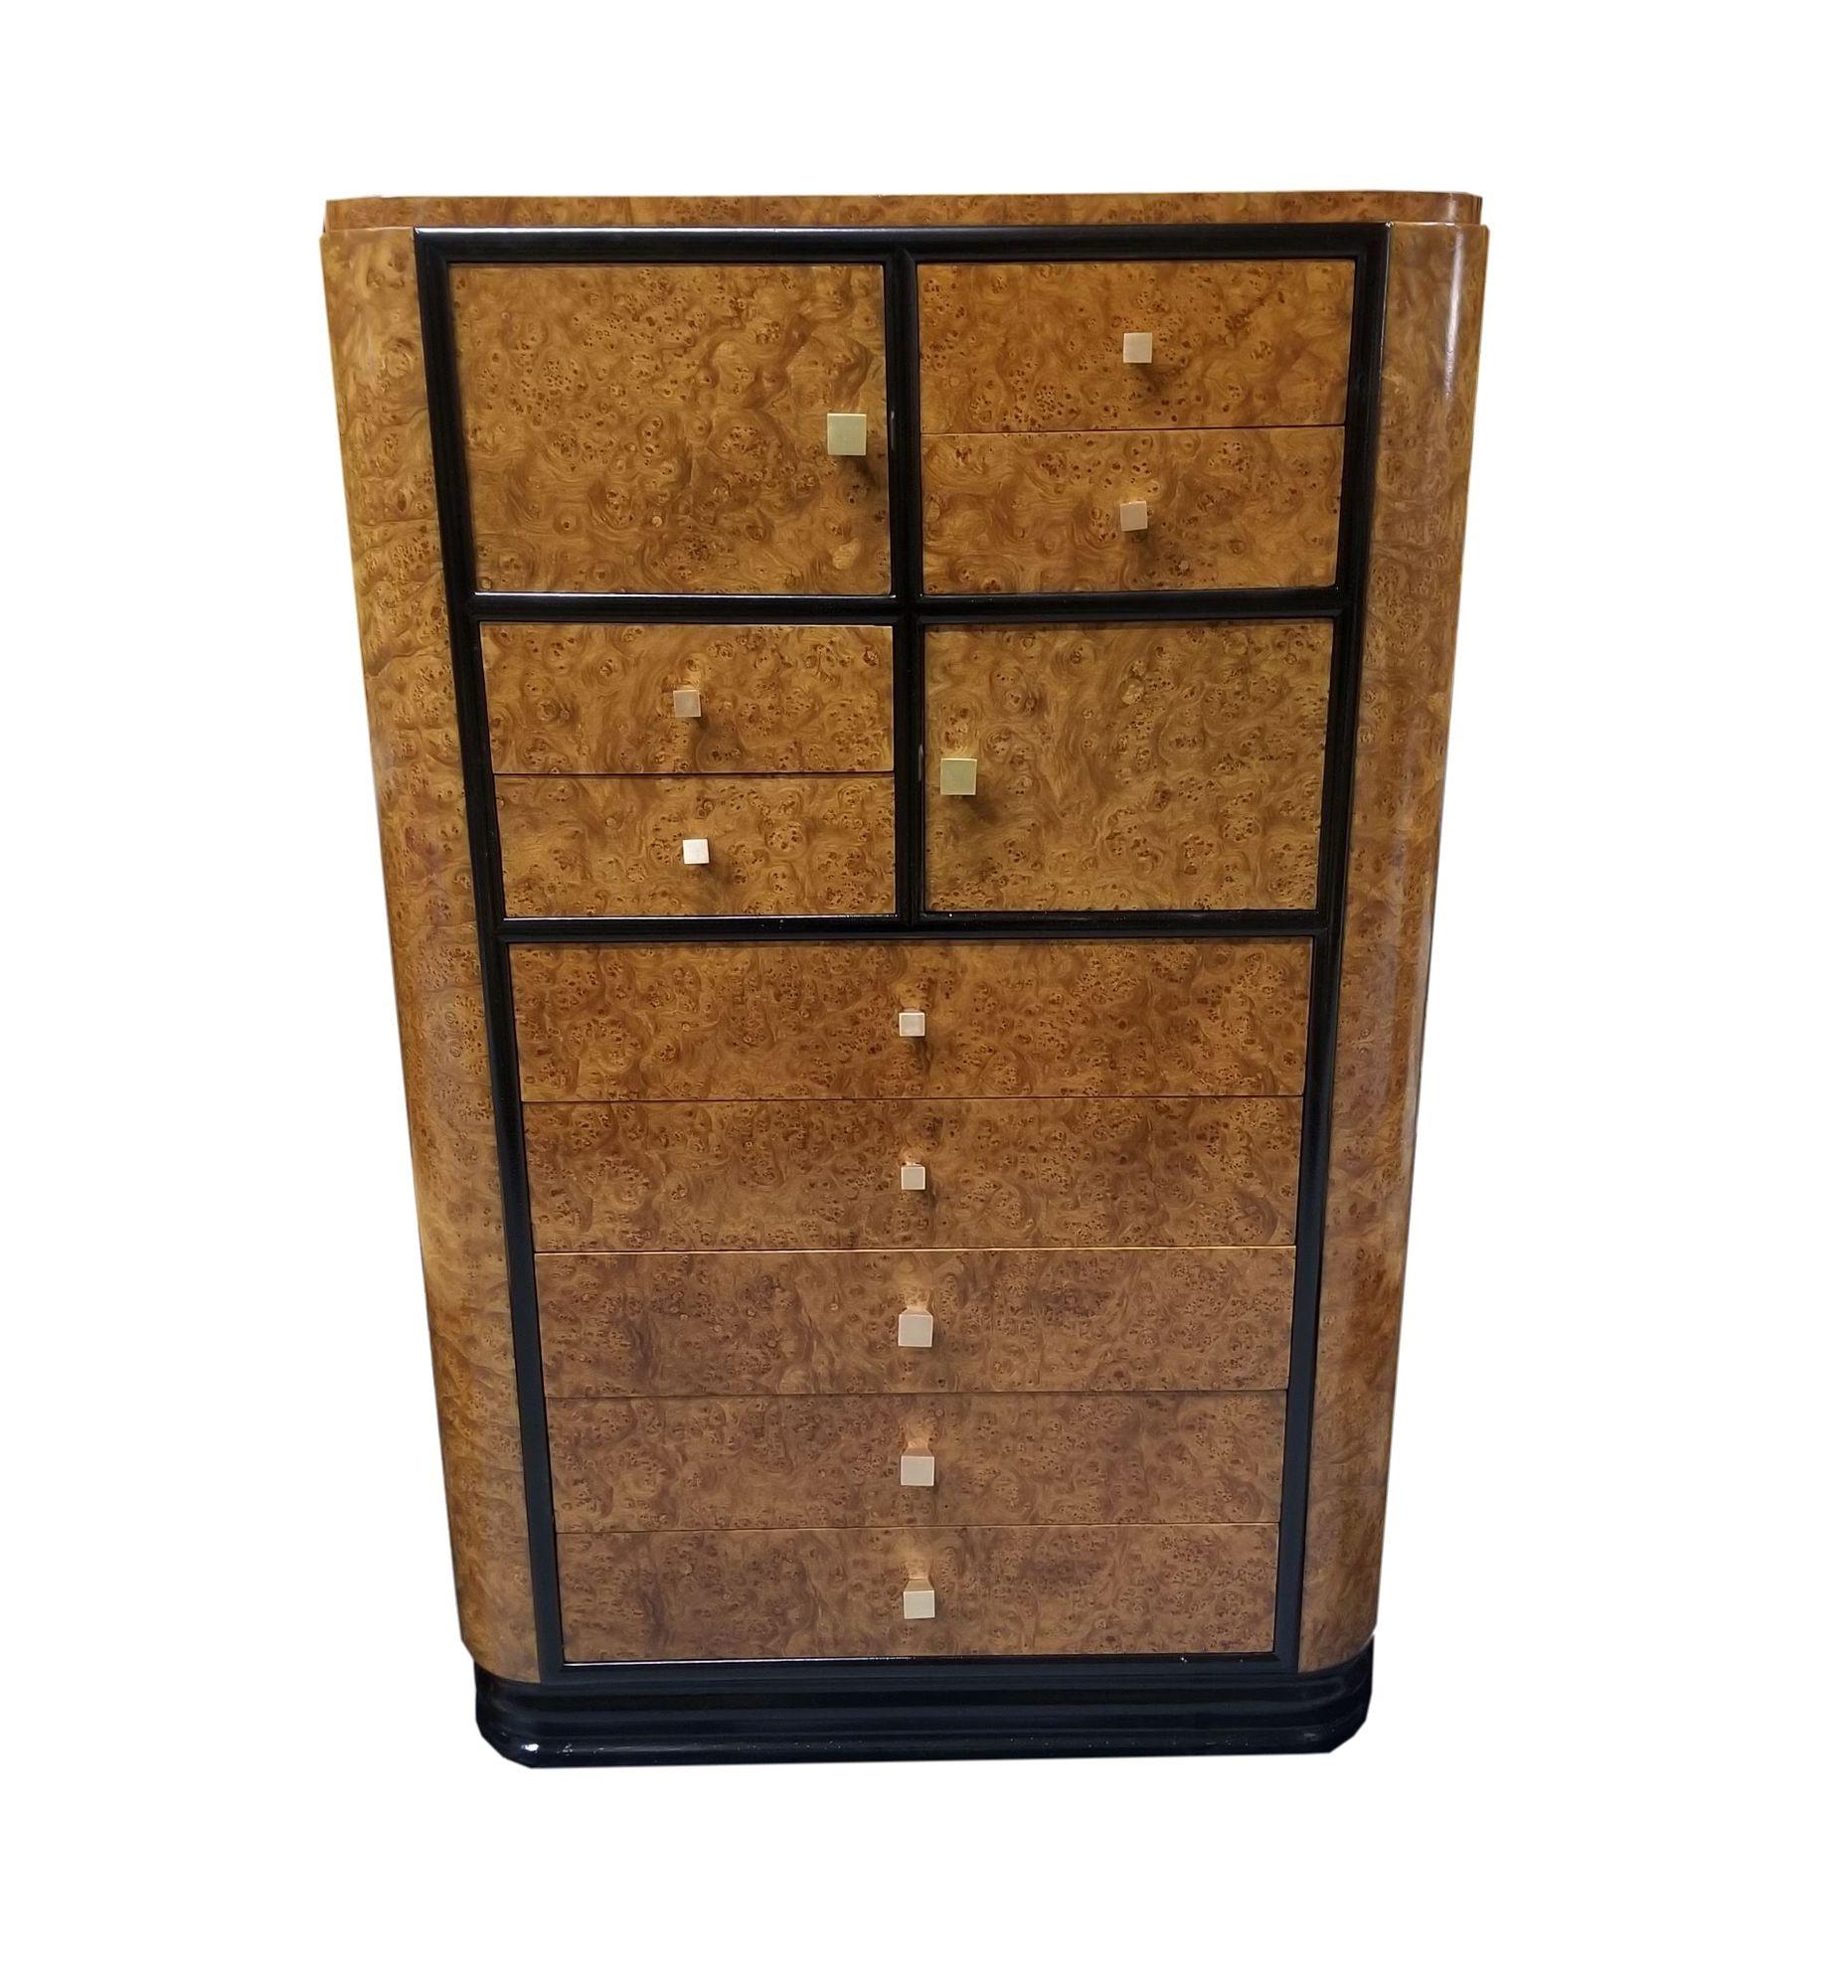 Original English European high-style Art Deco bronze highboy dresser featuring a stepped black lacquer base, black trim, and bird's-eye maple body. Each drawer features custom-made solid cast bronze pulls.

Measurements:

Height: 51.5
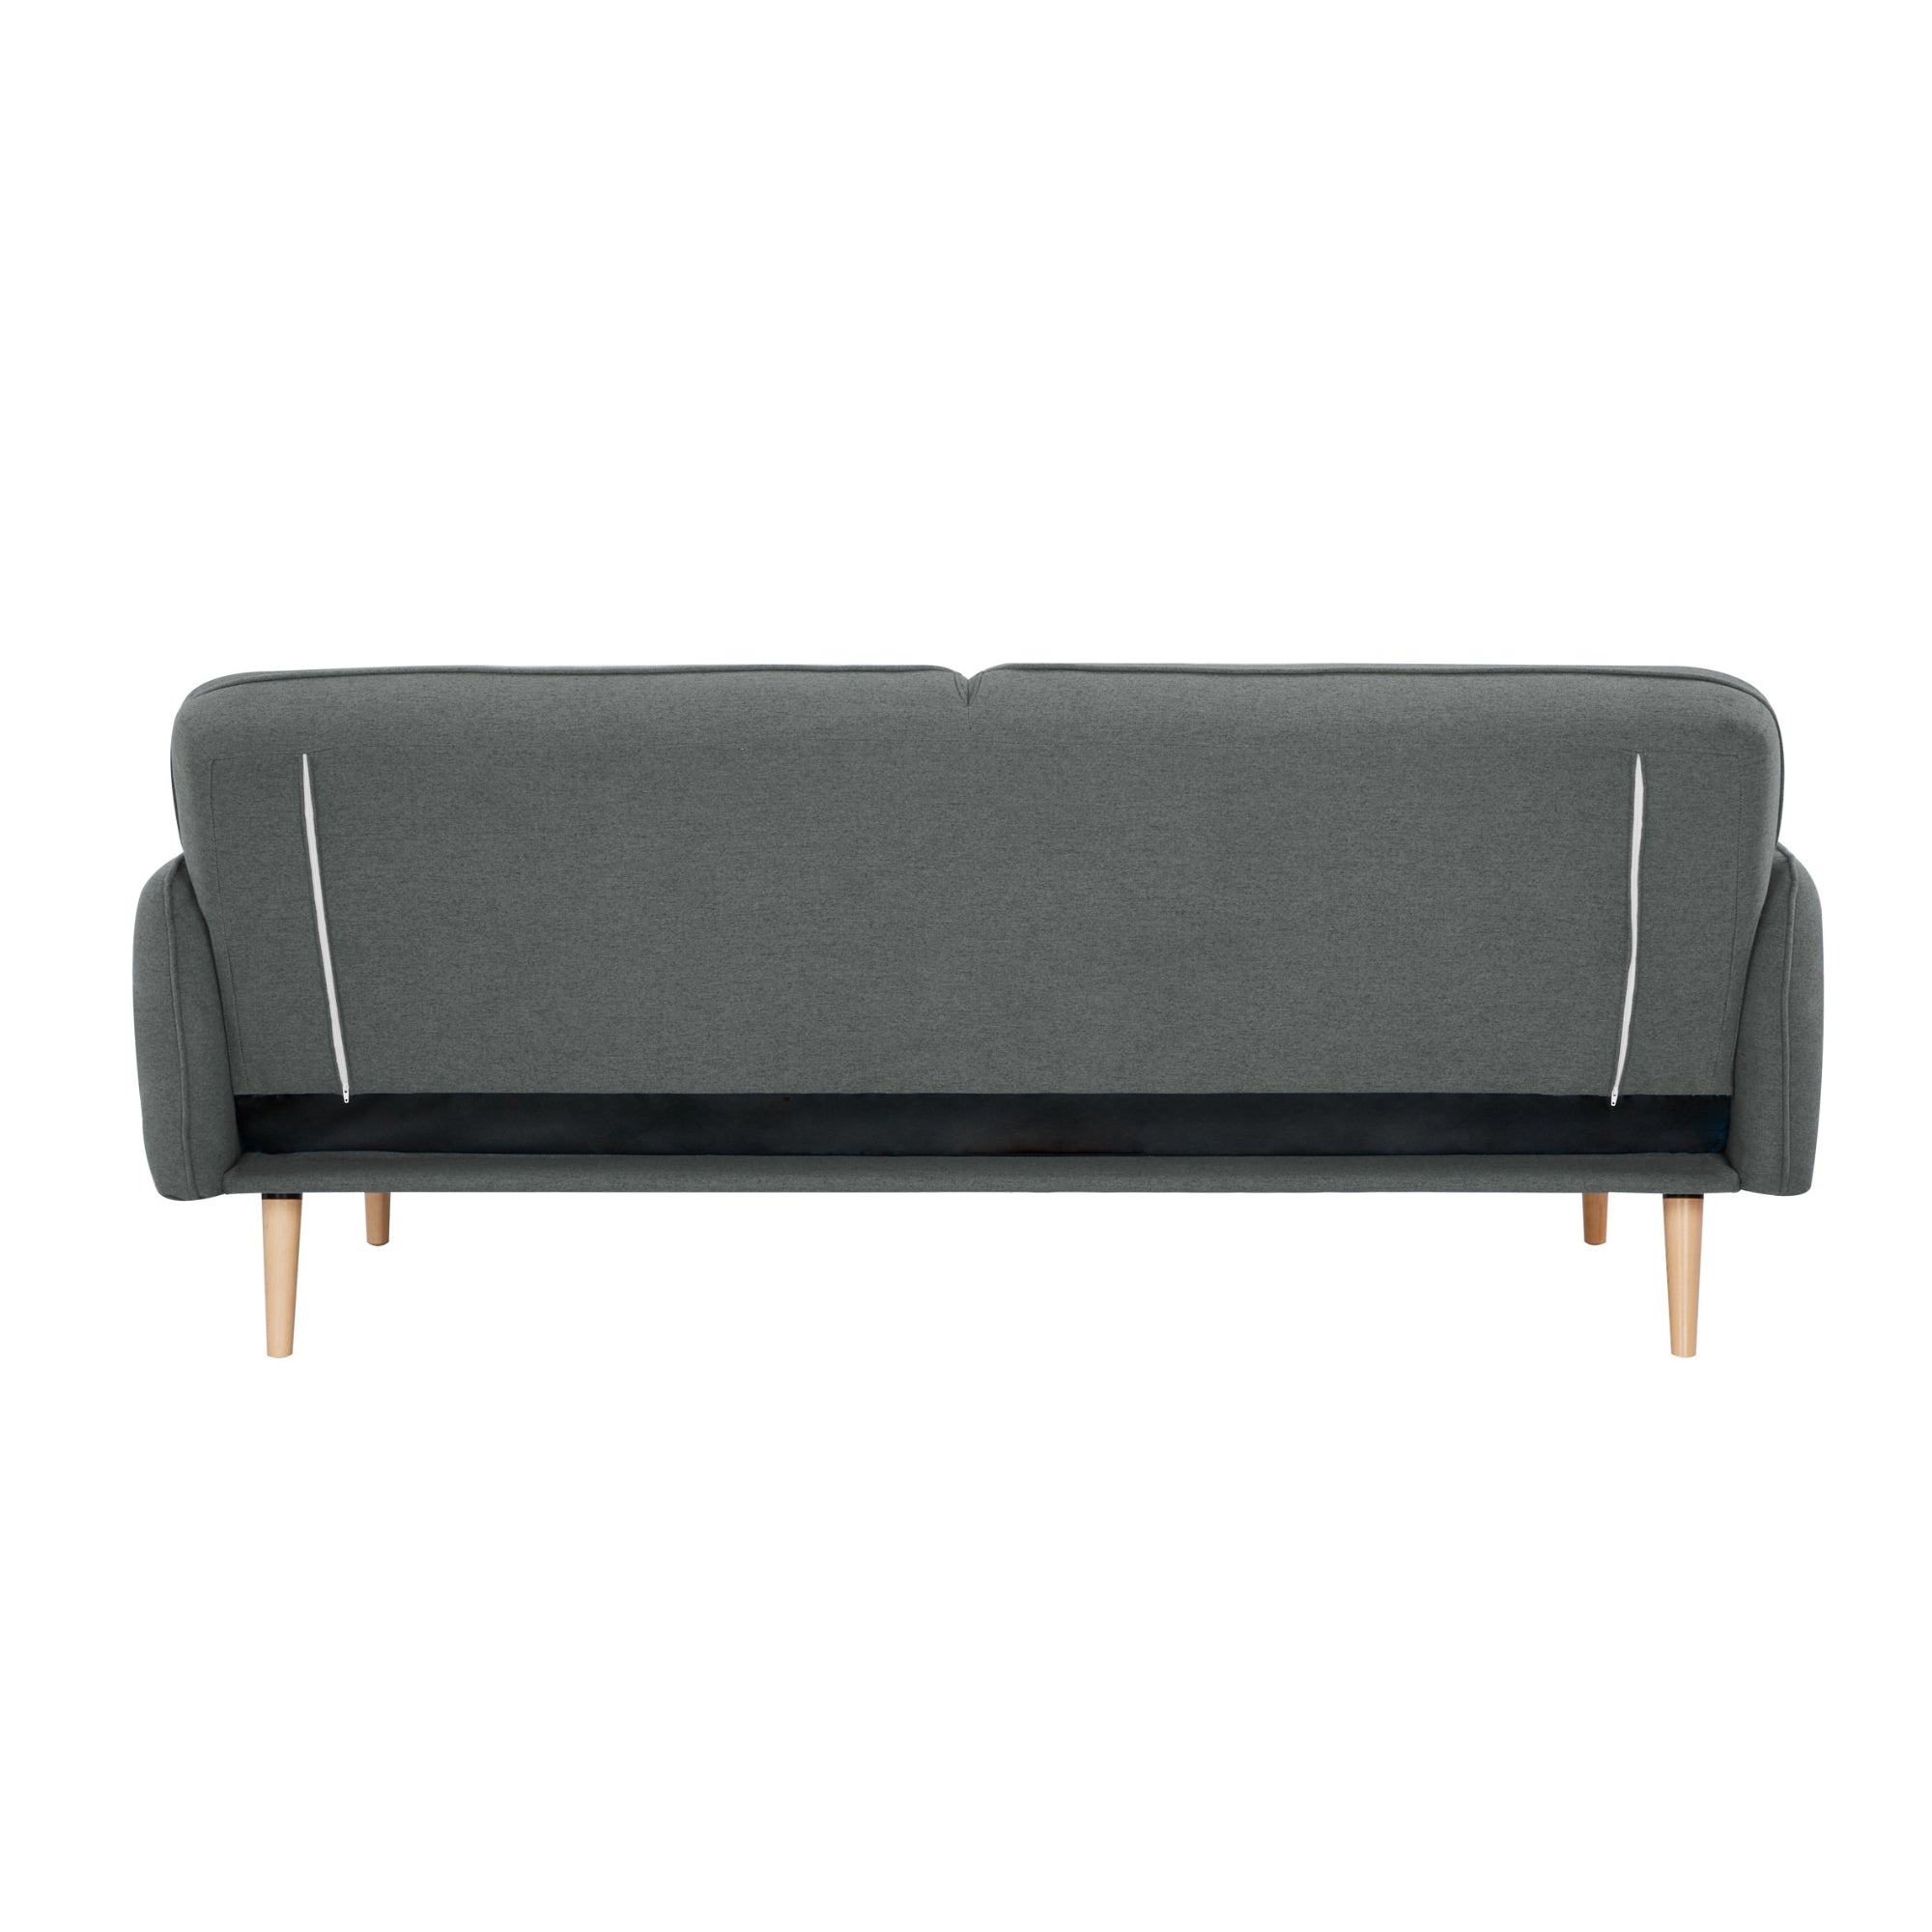 Mid Grey Fabric 3-Seater Sofa Bed, Plush Upholstery

========

Exercise requirements
Retype each line above precisely, please. Skip anything that is a picture.

Solution
 Original English European high-style Art Deco bronze highboy dresser featuring a stepped black lacquer base, black trim, and bird's-eye maple body. Each drawer features custom-made solid cast bronze pulls.

Measurements:

Height: 51.5
 Mid Grey Fabric 3-Seater Sofa Bed, Plush Upholstery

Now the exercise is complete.